Locating the lich wasn’t a particularly daunting task. Sheckner finally spotted the cursed mage hunkered over his experiment that laid upon the boulder in front of it. The Viceroy had his back to Sheckner, so the hobgoblin wasn’t able to see the lich’s face. But there was enough to be seen to send a shudder up Sheckner’s spine. Looking around quickly to make sure that nobody else was creeping up on him, the hobgoblin tried to ascertain what the lich was doing.

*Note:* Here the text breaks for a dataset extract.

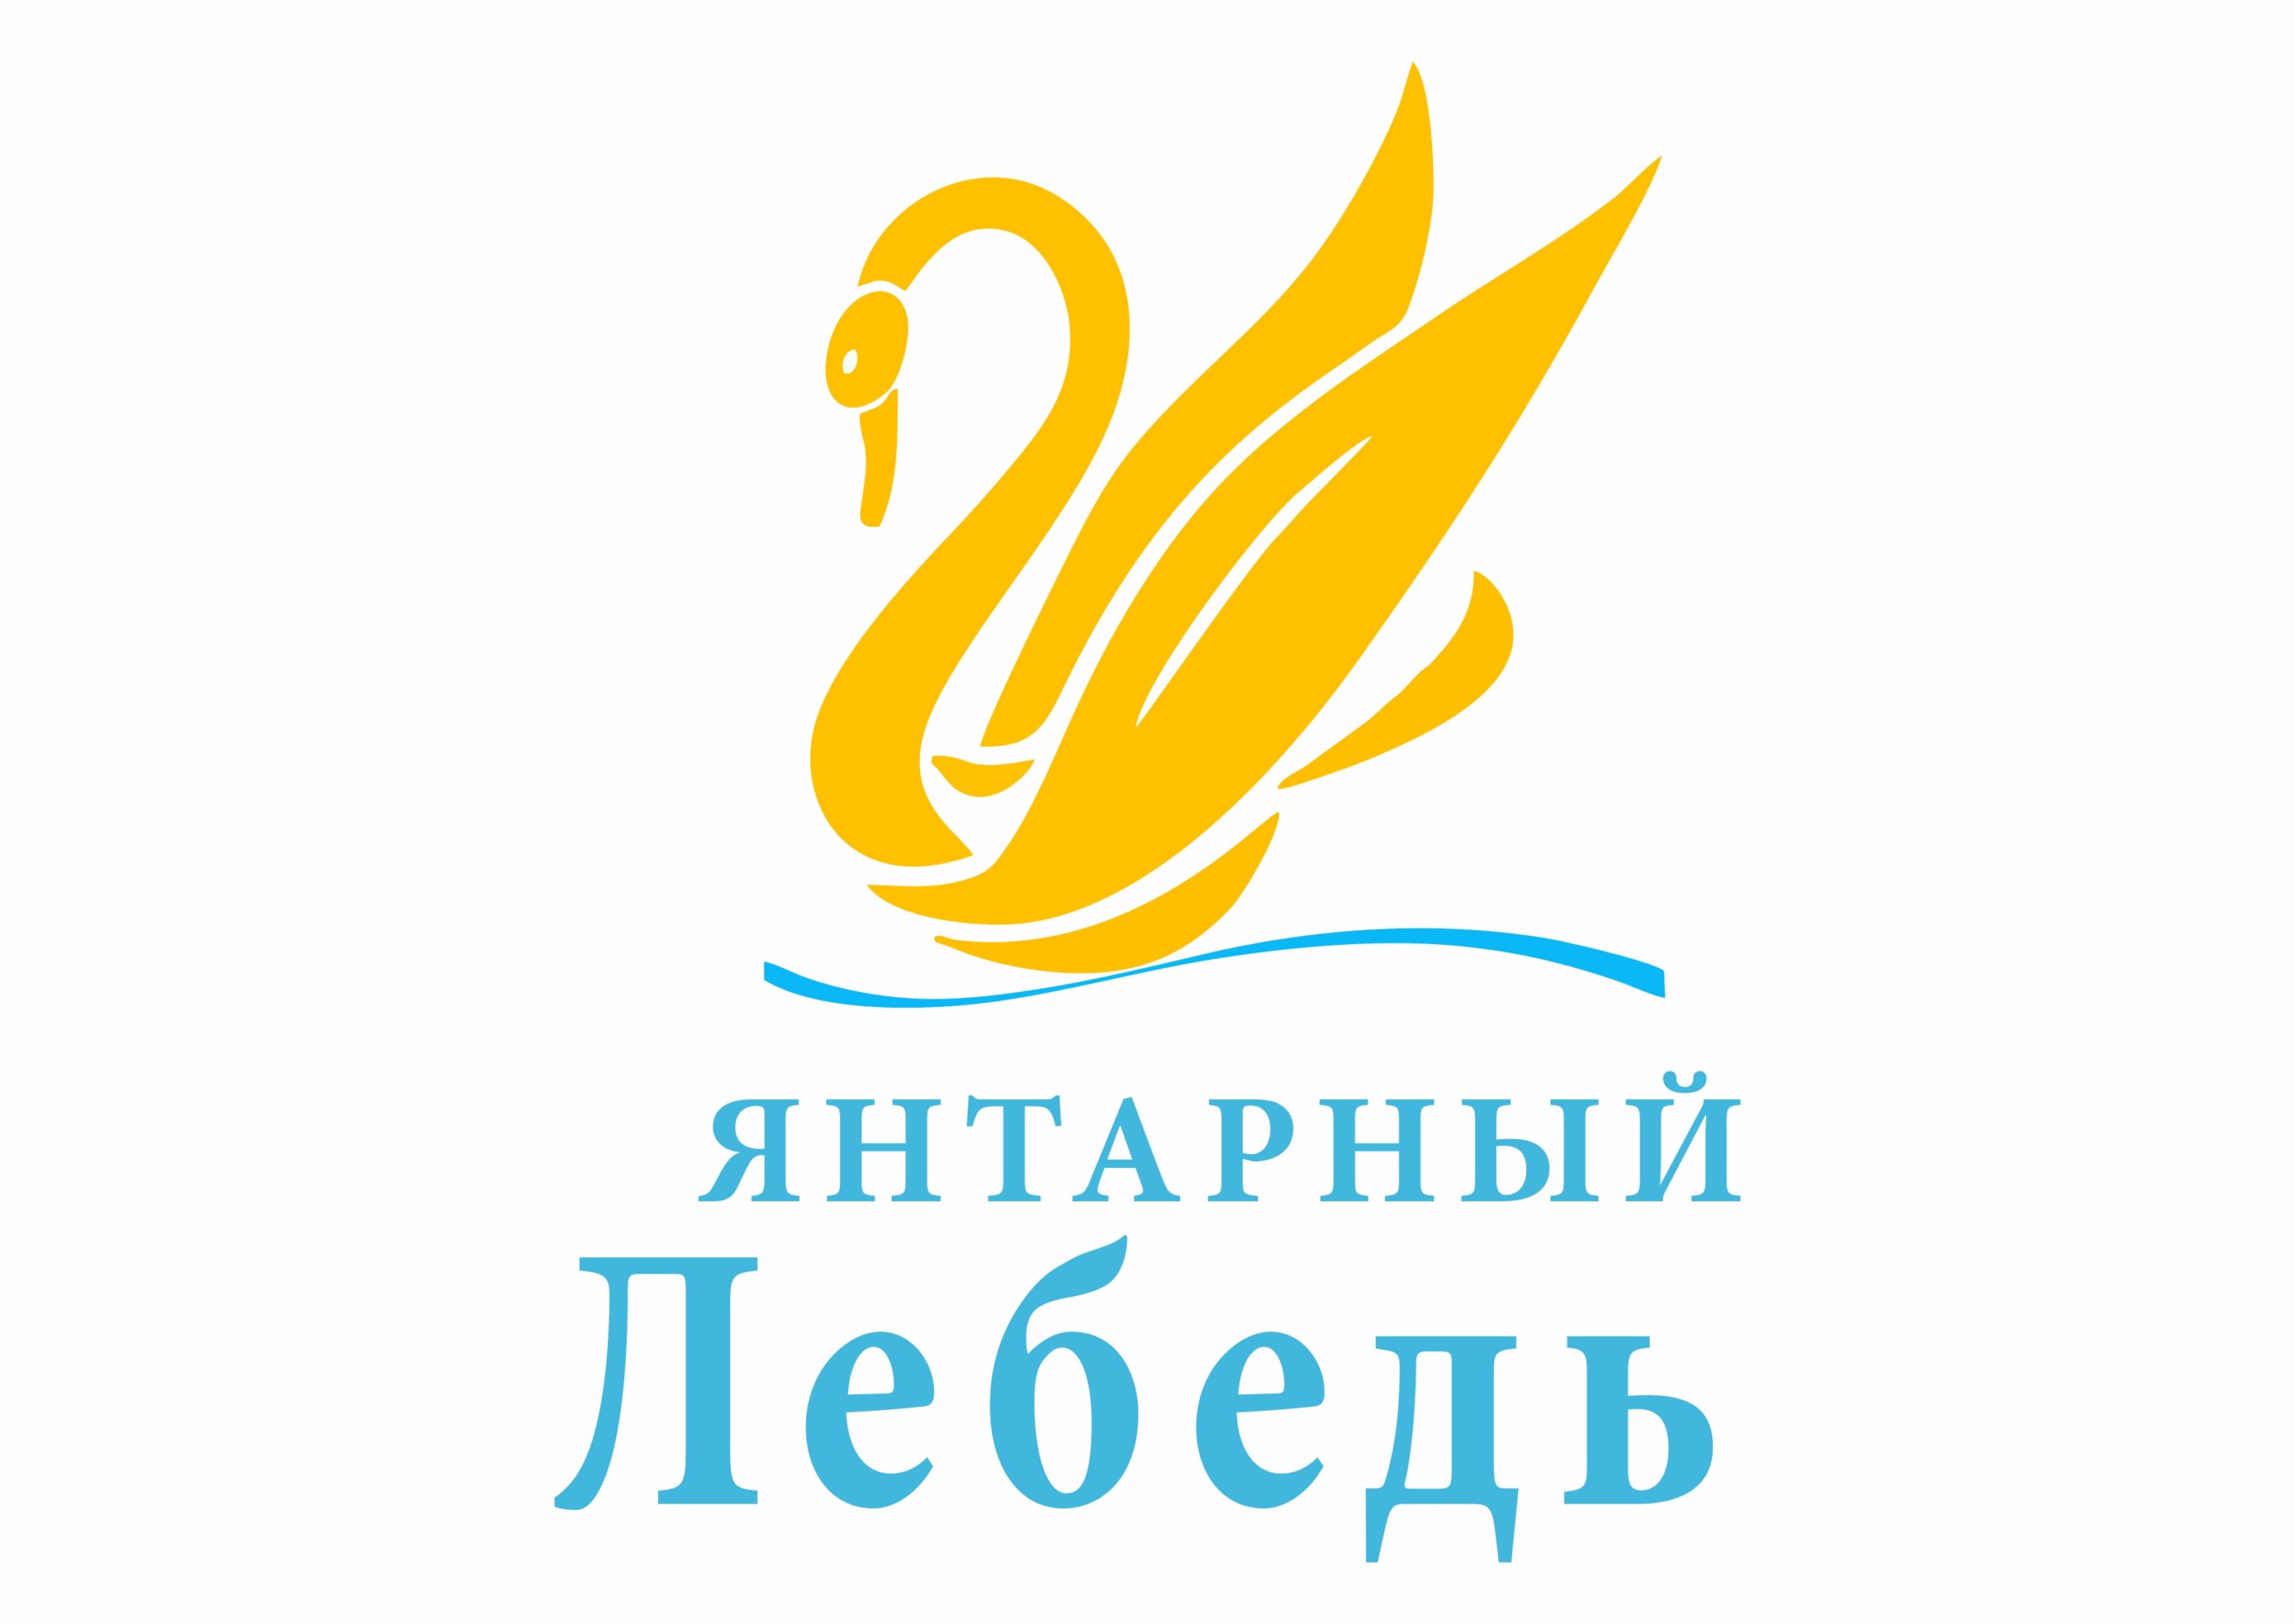 Творческий конкурс «Янтарный лебедь-2021»
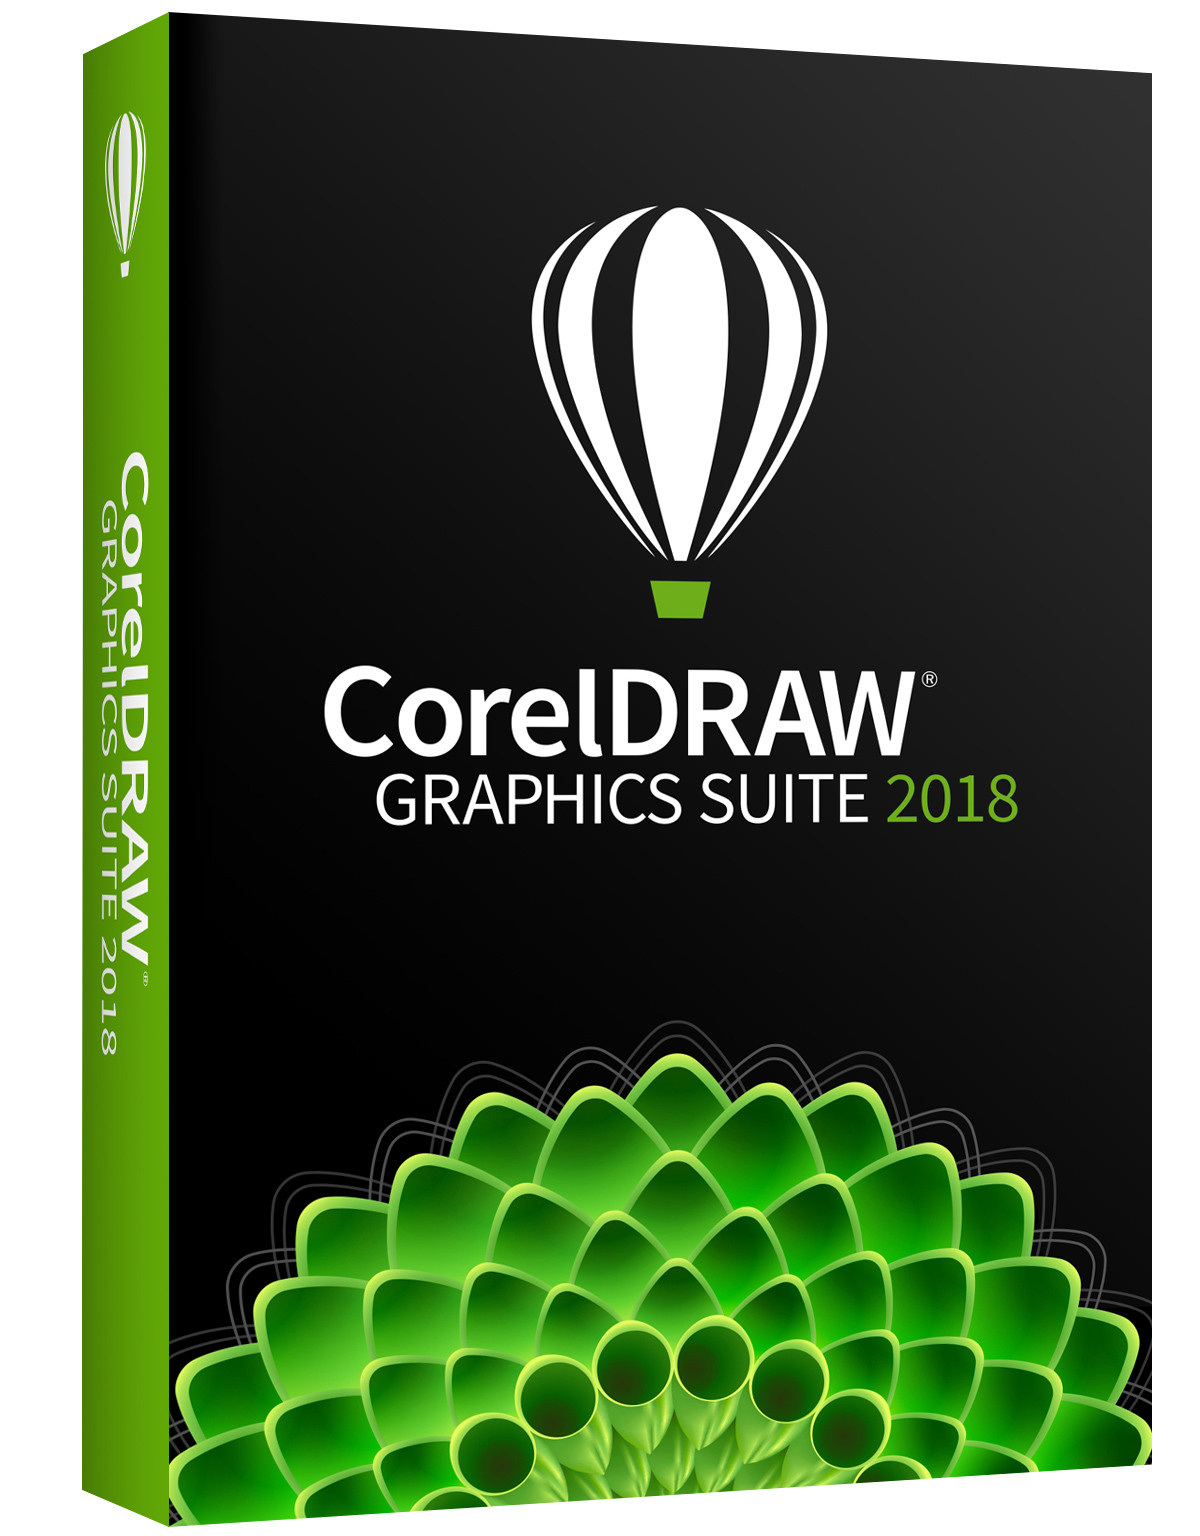 Corel suite. Coreldraw. Coreldraw Graphics Suite 2021. Coreldraw Graphics Suite 2018. Coreldraw Graphics Suite 2019.

It was frankly impossible to tell at this distance. The aura of cold, bleak terror that surrounded the lich kept any living creature from getting too close. A person would have to be extraordinarily powerful to even contemplate getting close enough to look the Viceroy square in the eyes. There probably wasn’t a hobgoblin in the entire continent of Partum that could have sauntered right up to the Viceroy to see what he was doing. And even if you could get close enough to watch, why would you want to? What could a lich possibly be doing with a body; living, undead, or otherwise that anyone would want to observe? And assuming for one minute that the lich even let you get that close was a major leap of faith. Sheckner might not have had all that many life experiences but he was almost positive that a freakishly powerful undead conjurer wasn’t going to be the most hospitable creature in the Wenigzustand.
The hobgoblin stood in the darkness of the night trying not to give the lich any cause to turn around to see who might be creeping in the shadows behind him. Sheckner couldn’t see what was going on other than the lich was cutting up what must have been one of the zombie-like hobgoblins. The lich must have found out something with this gruesome exercise because he stopped what he was doing, stood there looking thoughtful for a while, and then with a swift chopping motion snapped the pathetic monster’s head off with the dagger in his right hand. Sheckner had seen worse things than that in the years he had spent serving Colldrenia, but it was enough to make him decide that this task had come to a perfectly natural stopping place. He backed away until he couldn’t see the lich anymore and then headed for the old winery to report what he had seen. There wasn’t much to describe. Hopefully there would be enough to please the night hag.